Your task: A verbatim repeat of the lines below is required, with the pictures removed.

-------- Given data --------

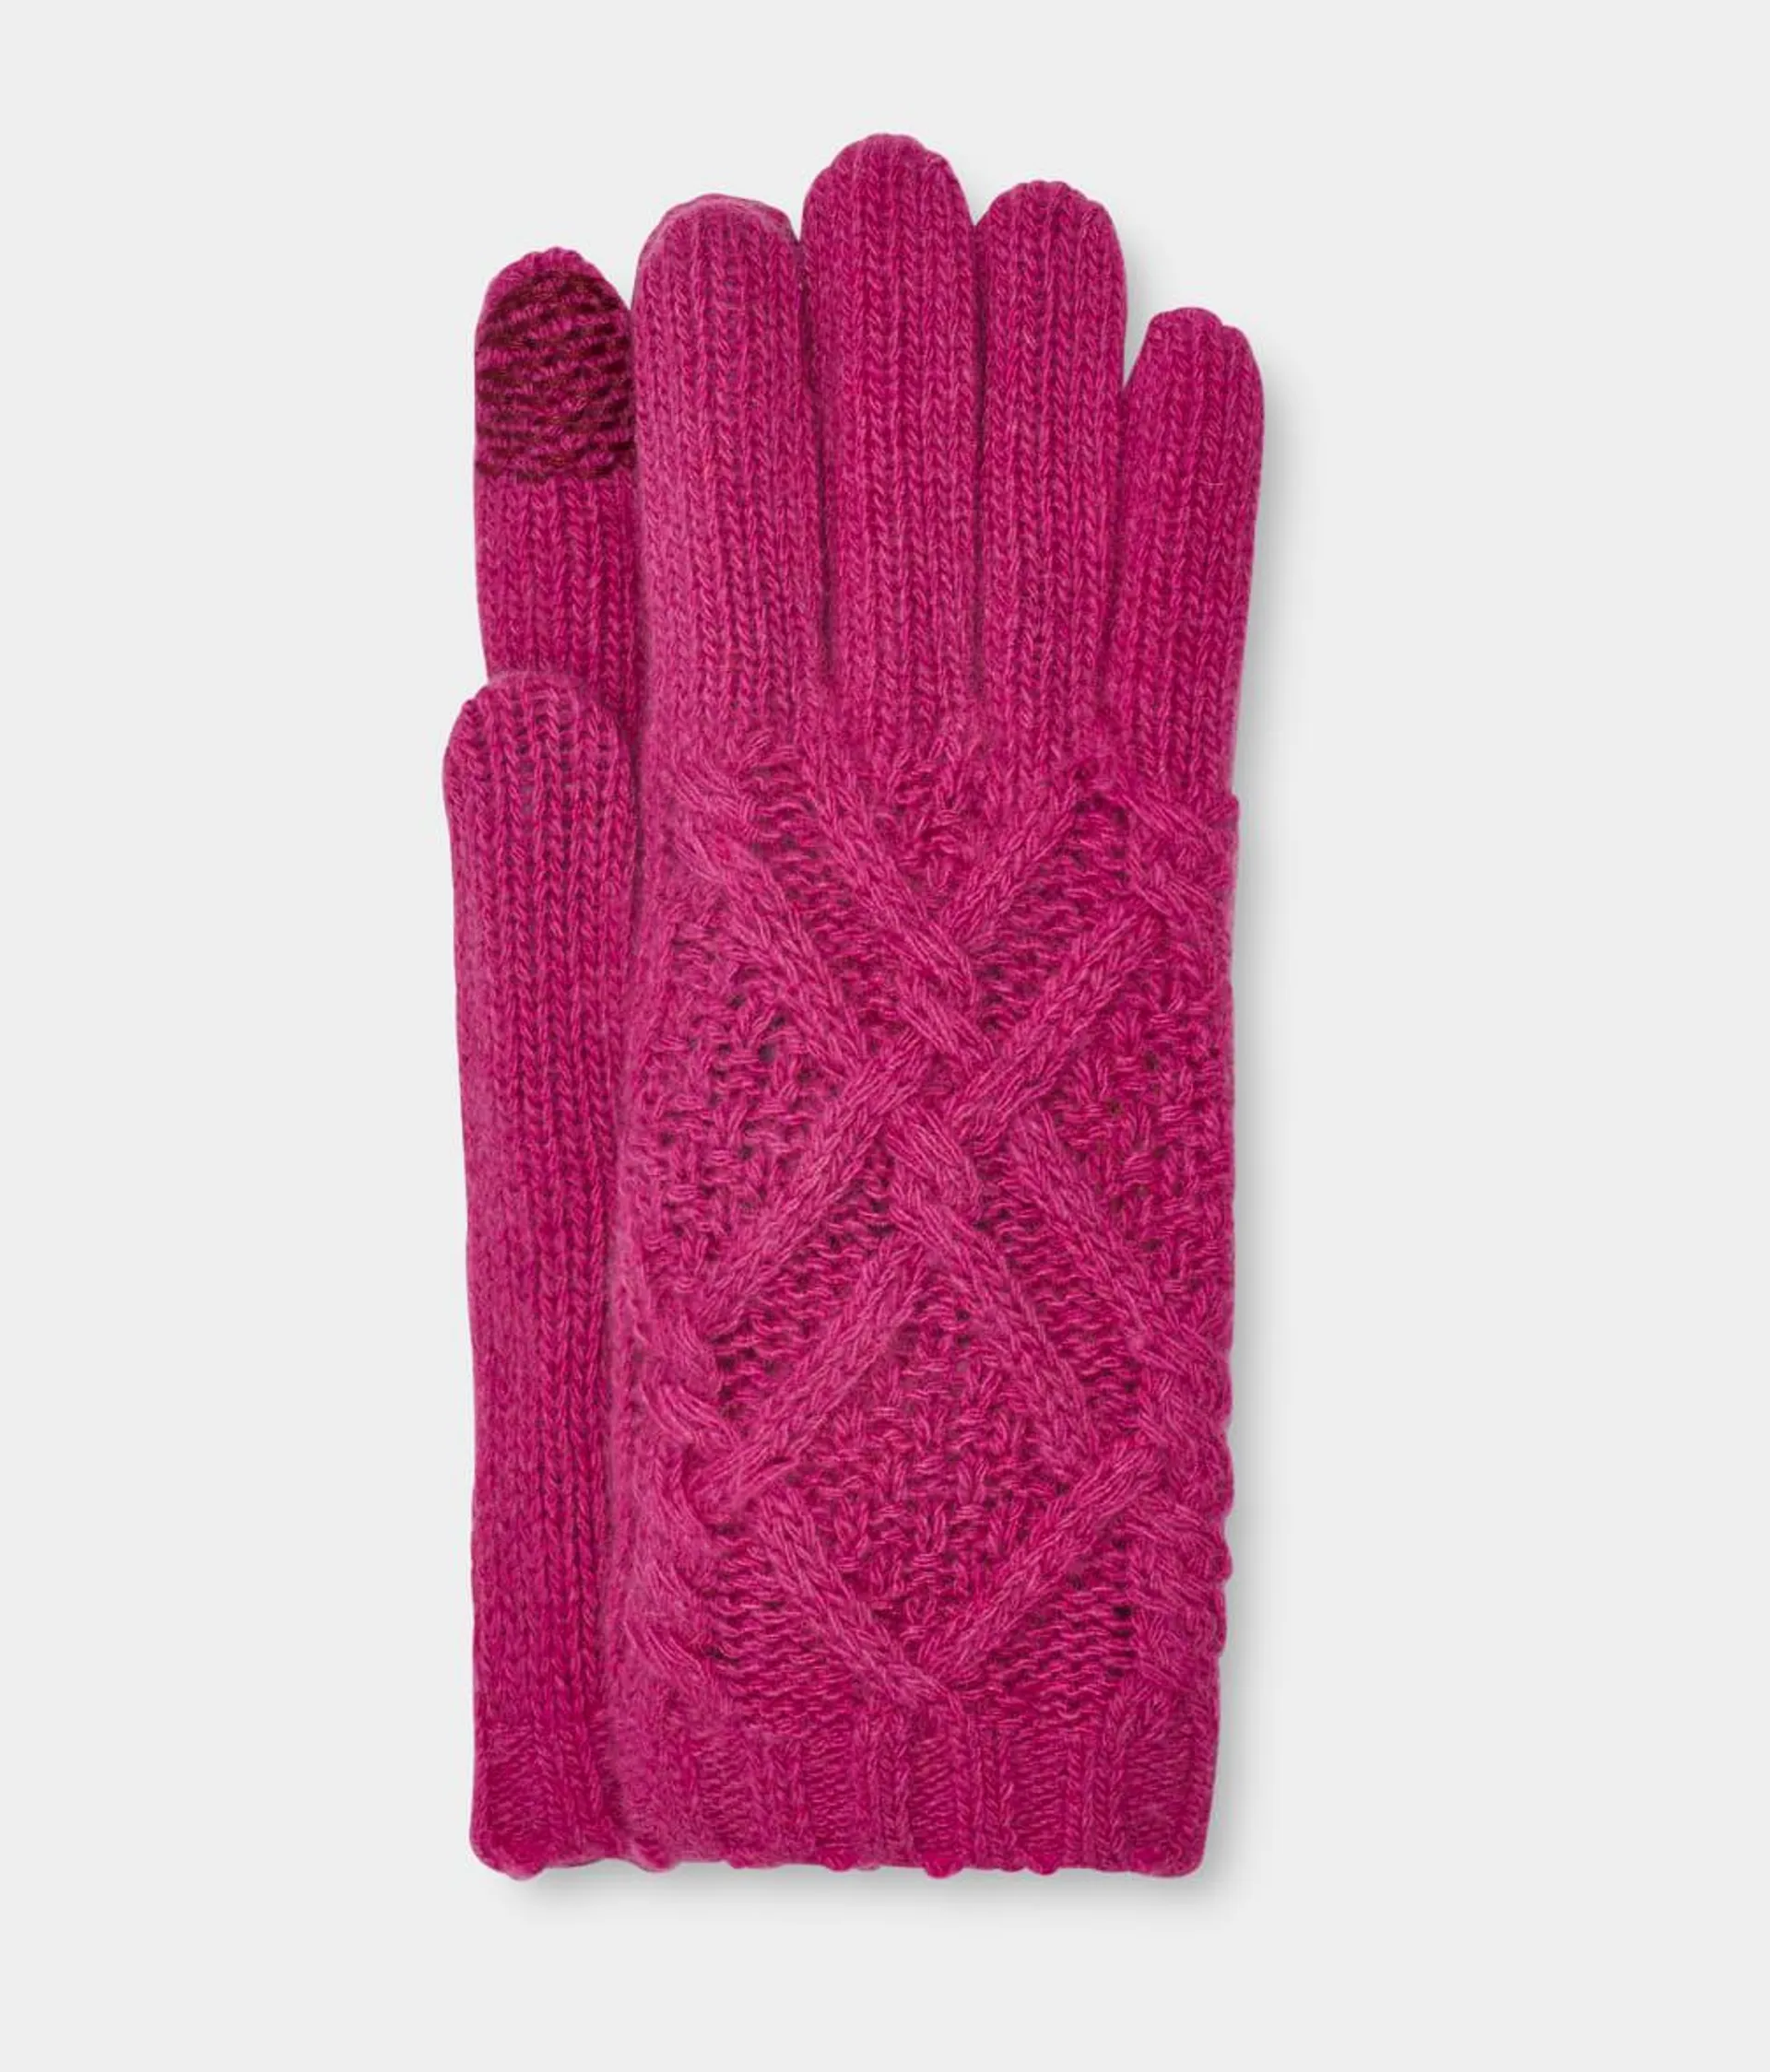 Desmond Cable Knit Glove
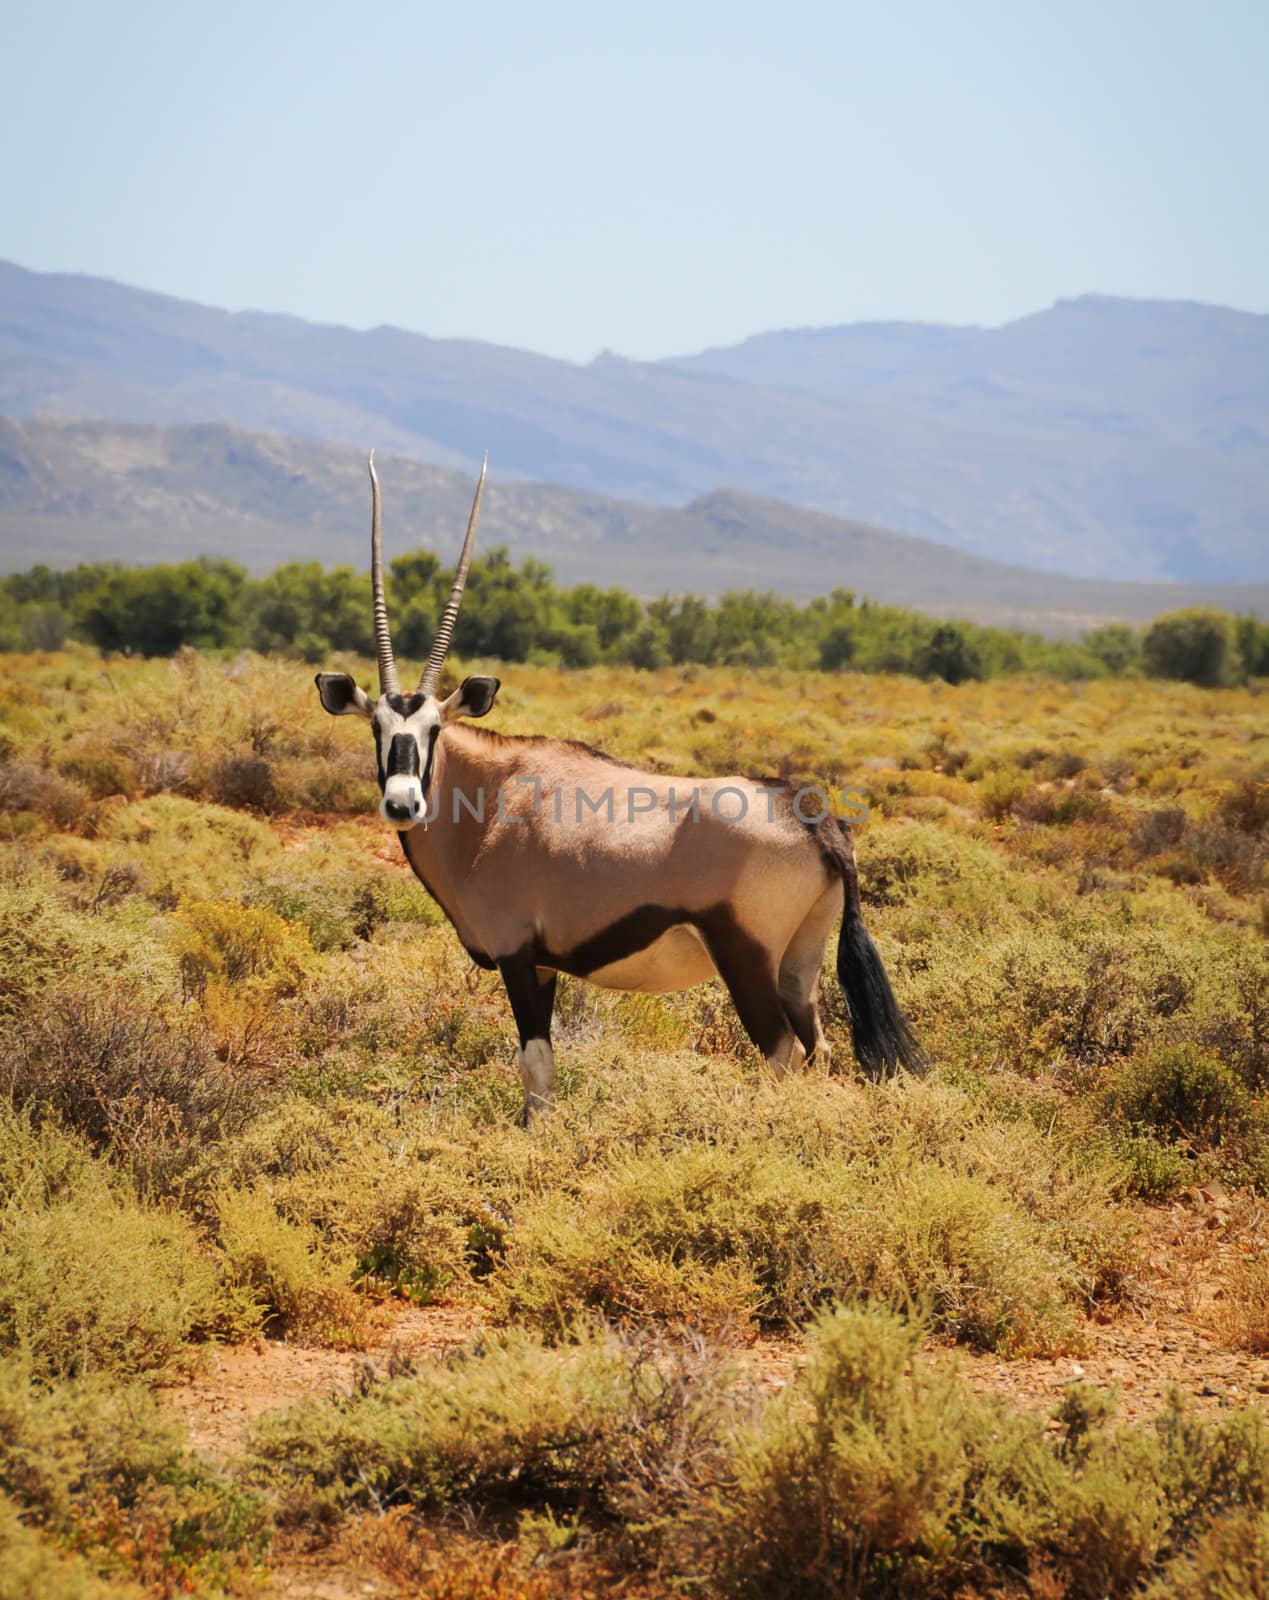 Gemsbok or gemsbuck (Oryx gazella) is a large antelope at south Africa bush
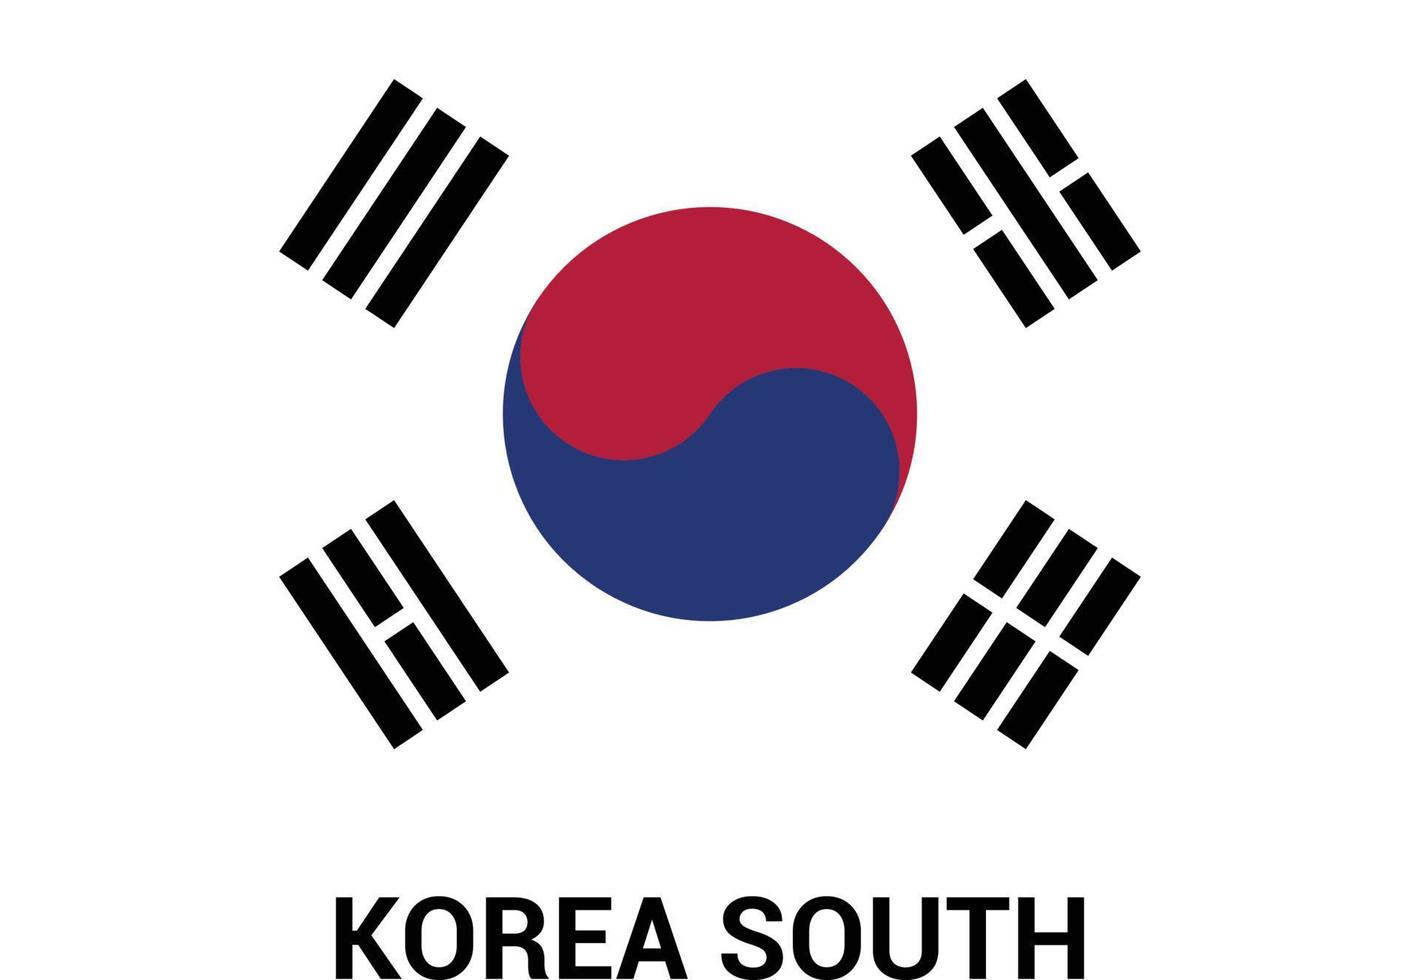 Südkorea-Flaggen-Designvektor vektor

--------

Answer space:
 Desmond Cable Knit Glove
 Gemsbok or gemsbuck (Oryx gazella) is a large antelope at south Africa bush
 Südkorea-Flaggen-Designvektor vektor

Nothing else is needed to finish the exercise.